-- DATA PROVIDED follows --
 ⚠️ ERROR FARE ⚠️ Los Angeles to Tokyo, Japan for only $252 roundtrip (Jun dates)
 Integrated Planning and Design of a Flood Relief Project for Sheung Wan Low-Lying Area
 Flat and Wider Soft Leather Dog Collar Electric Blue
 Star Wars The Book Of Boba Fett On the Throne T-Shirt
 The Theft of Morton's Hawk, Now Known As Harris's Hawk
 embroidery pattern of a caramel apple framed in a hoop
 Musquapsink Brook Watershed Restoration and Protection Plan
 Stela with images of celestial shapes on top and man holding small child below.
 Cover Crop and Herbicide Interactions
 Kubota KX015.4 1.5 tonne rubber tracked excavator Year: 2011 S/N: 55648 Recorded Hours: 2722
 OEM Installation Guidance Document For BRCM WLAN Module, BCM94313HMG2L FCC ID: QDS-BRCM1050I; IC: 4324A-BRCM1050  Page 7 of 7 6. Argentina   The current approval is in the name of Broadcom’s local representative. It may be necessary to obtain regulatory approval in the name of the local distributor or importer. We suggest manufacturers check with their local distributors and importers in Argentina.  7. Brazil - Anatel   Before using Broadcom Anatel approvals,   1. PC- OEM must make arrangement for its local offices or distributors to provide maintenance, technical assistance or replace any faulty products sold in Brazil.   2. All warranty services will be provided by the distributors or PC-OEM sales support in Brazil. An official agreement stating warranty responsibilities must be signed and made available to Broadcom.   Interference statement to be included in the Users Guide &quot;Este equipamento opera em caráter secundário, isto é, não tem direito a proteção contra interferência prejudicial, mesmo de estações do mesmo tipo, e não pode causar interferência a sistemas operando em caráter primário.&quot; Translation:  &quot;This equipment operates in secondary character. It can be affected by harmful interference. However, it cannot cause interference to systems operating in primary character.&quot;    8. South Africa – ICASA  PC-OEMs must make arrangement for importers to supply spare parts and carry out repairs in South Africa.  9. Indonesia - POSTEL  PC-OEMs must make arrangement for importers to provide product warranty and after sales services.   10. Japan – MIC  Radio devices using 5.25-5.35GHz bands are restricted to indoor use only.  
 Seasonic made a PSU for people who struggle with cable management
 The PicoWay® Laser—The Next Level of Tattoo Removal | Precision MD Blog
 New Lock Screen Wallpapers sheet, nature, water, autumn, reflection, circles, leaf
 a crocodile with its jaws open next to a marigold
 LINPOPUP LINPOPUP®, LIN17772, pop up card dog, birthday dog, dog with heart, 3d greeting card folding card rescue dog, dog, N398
-- DATA PROVIDED concluded --
An exact copy of the lines from the one containing "a crocodile with" through the end of the data above is the whole answer.

** ANSWER TO THIS EXERCISE **
 a crocodile with its jaws open next to a marigold
 LINPOPUP LINPOPUP®, LIN17772, pop up card dog, birthday dog, dog with heart, 3d greeting card folding card rescue dog, dog, N398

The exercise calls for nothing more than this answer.